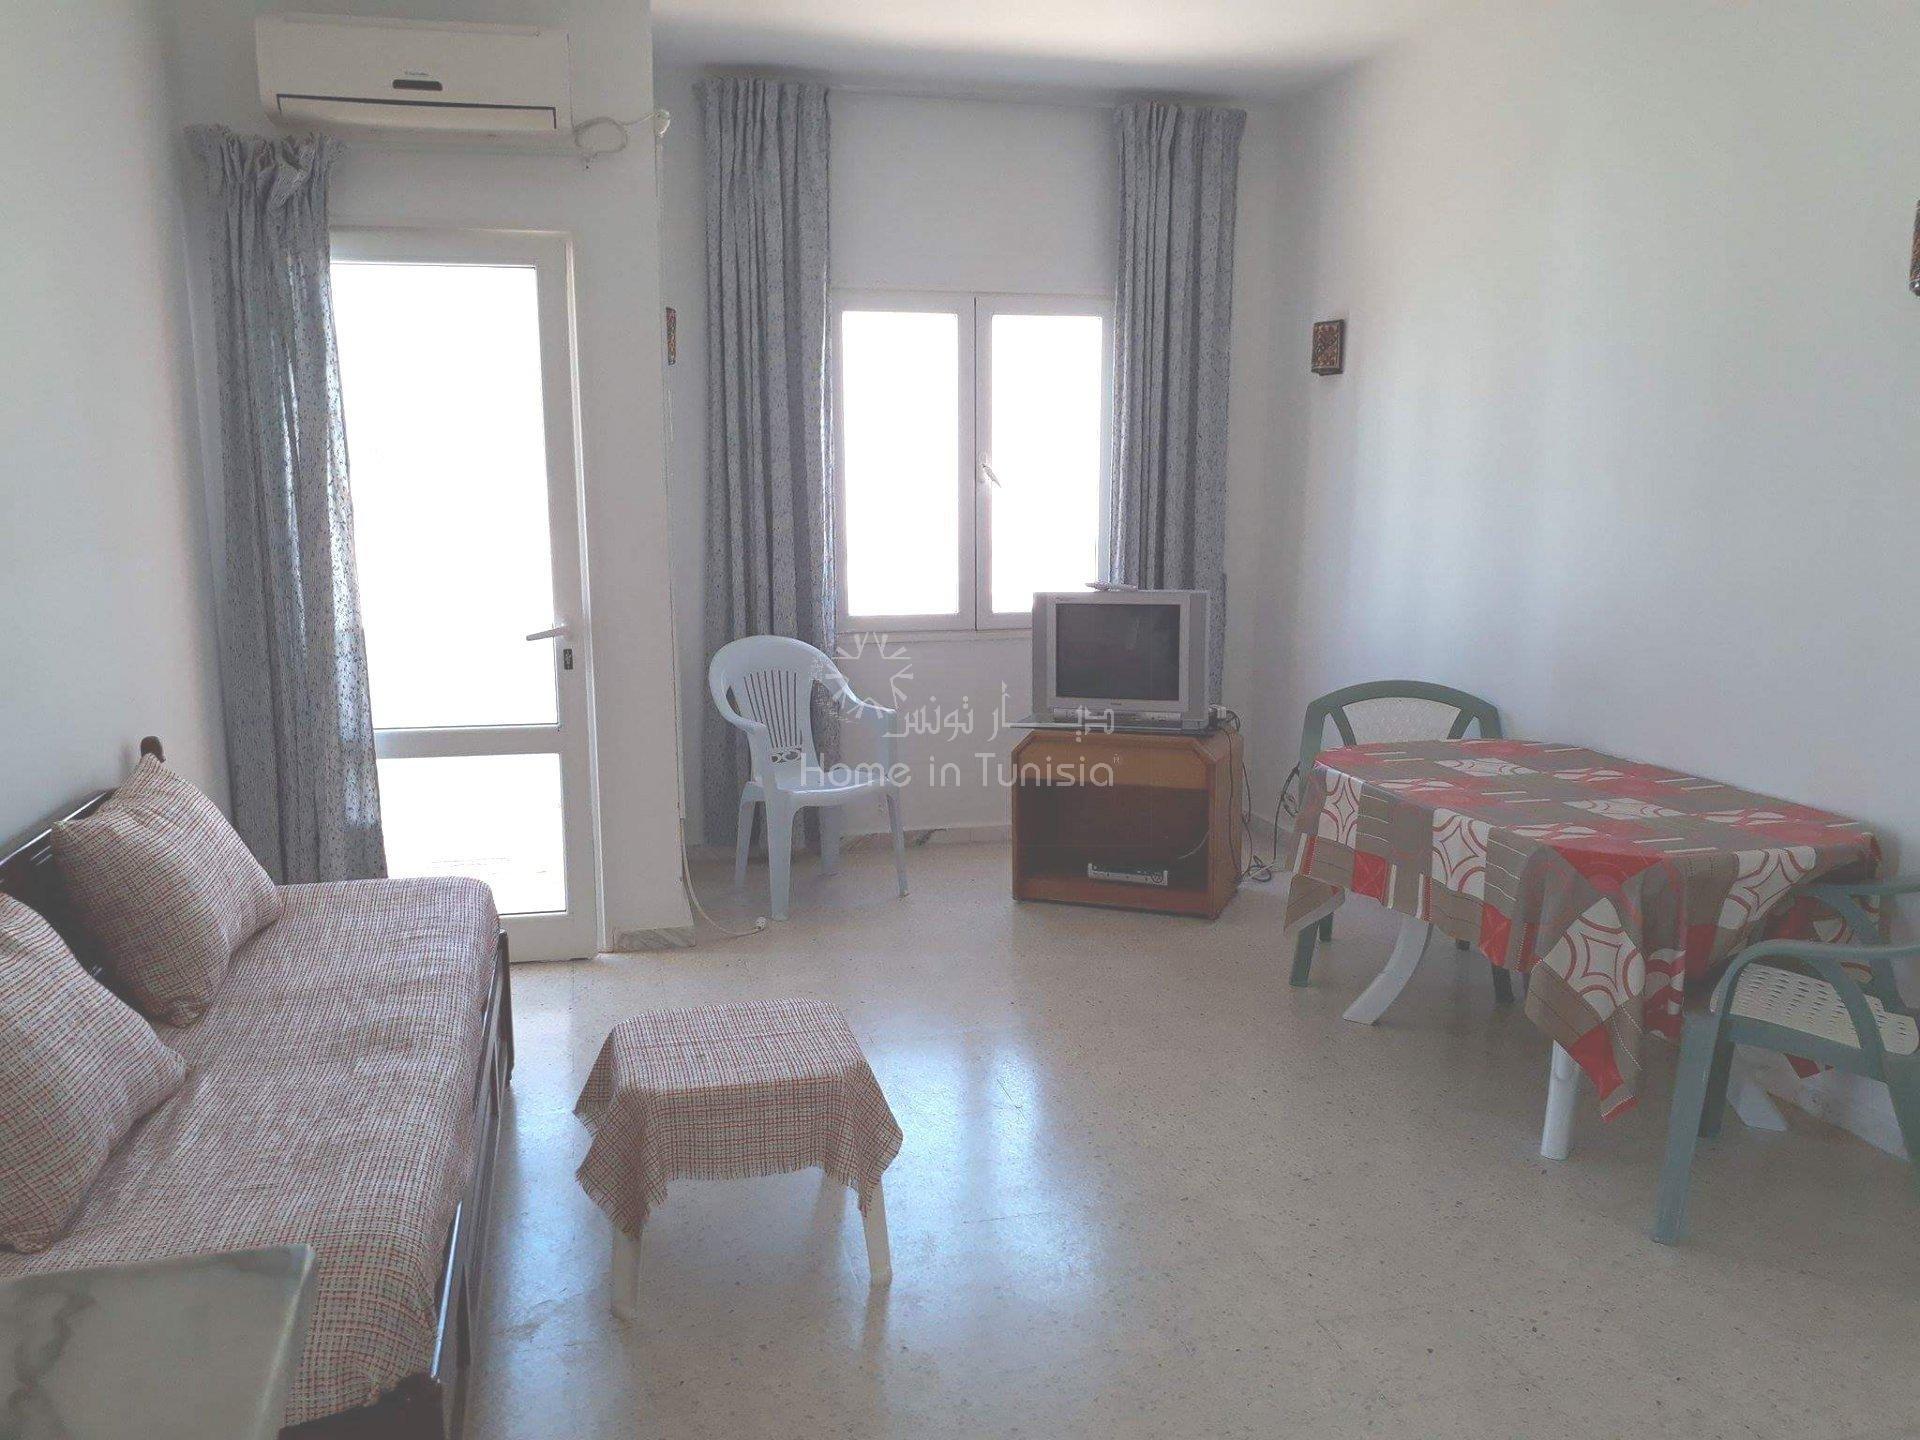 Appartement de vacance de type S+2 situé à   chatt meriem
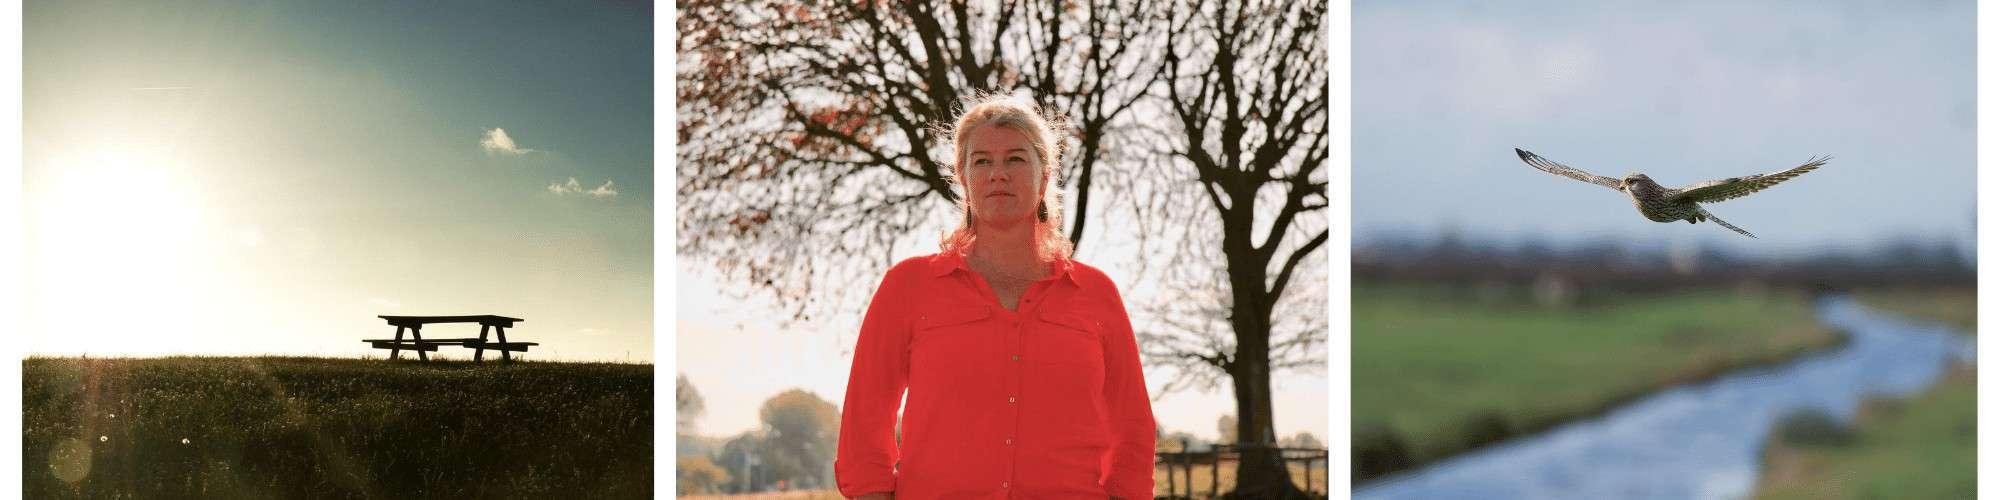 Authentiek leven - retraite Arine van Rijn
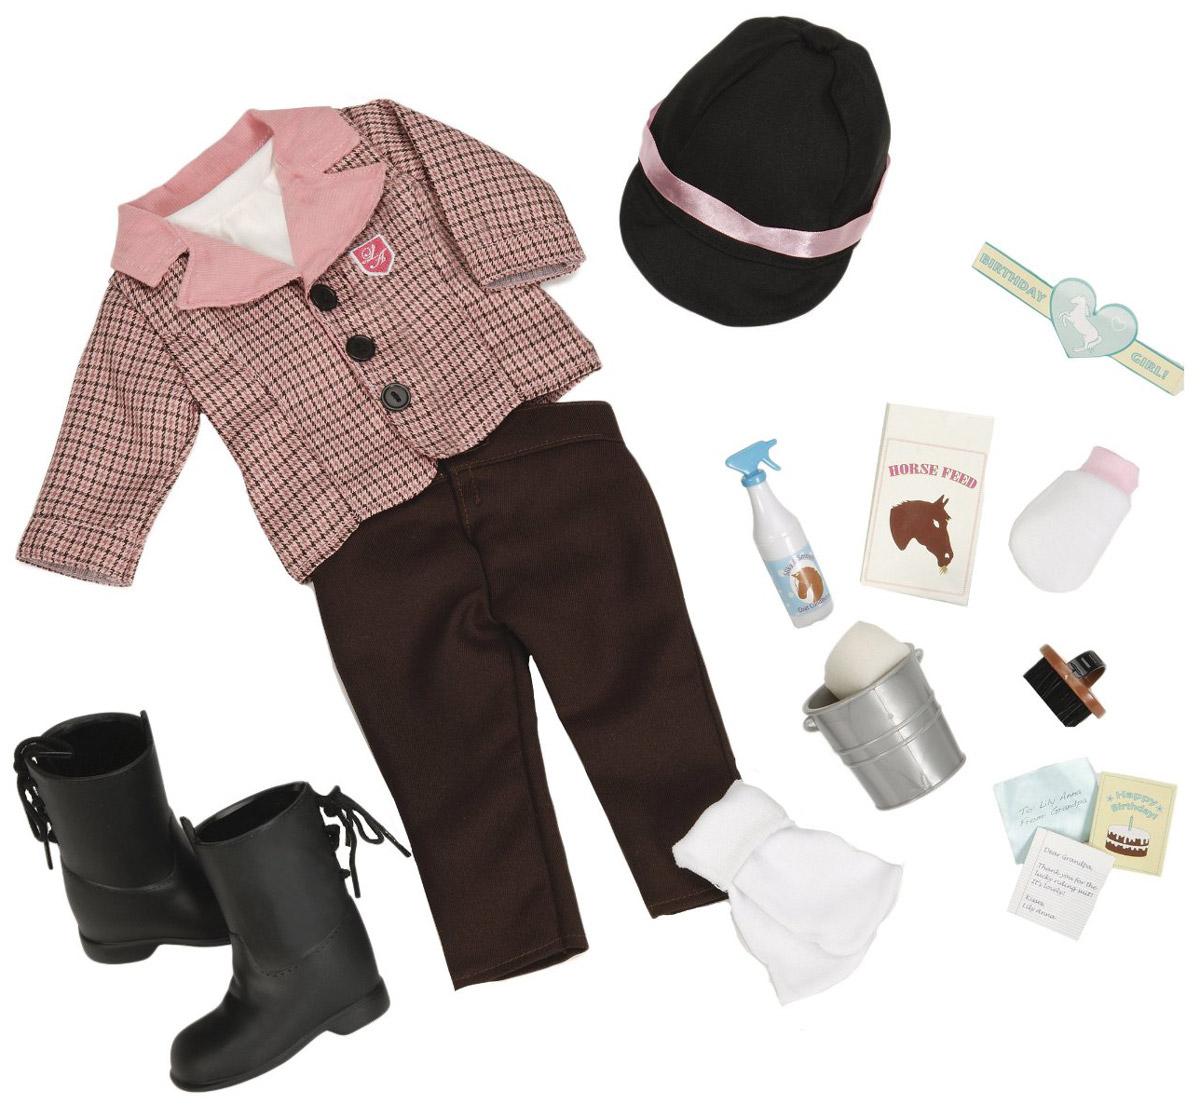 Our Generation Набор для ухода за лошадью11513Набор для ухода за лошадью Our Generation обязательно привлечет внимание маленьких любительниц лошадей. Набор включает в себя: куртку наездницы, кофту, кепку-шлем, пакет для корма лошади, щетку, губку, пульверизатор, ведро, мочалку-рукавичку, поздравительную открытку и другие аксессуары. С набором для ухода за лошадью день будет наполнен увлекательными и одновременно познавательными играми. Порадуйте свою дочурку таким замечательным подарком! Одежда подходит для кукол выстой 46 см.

WHAT IS REQUIRED »
The answer should contain every line of the material exactly as written and no pictures.

YOUR SOLUTION »
 Appartement de vacance de type S+2 situé à   chatt meriem
 Authentiek leven - retraite Arine van Rijn
 Our Generation Набор для ухода за лошадью11513Набор для ухода за лошадью Our Generation обязательно привлечет внимание маленьких любительниц лошадей. Набор включает в себя: куртку наездницы, кофту, кепку-шлем, пакет для корма лошади, щетку, губку, пульверизатор, ведро, мочалку-рукавичку, поздравительную открытку и другие аксессуары. С набором для ухода за лошадью день будет наполнен увлекательными и одновременно познавательными играми. Порадуйте свою дочурку таким замечательным подарком! Одежда подходит для кукол выстой 46 см.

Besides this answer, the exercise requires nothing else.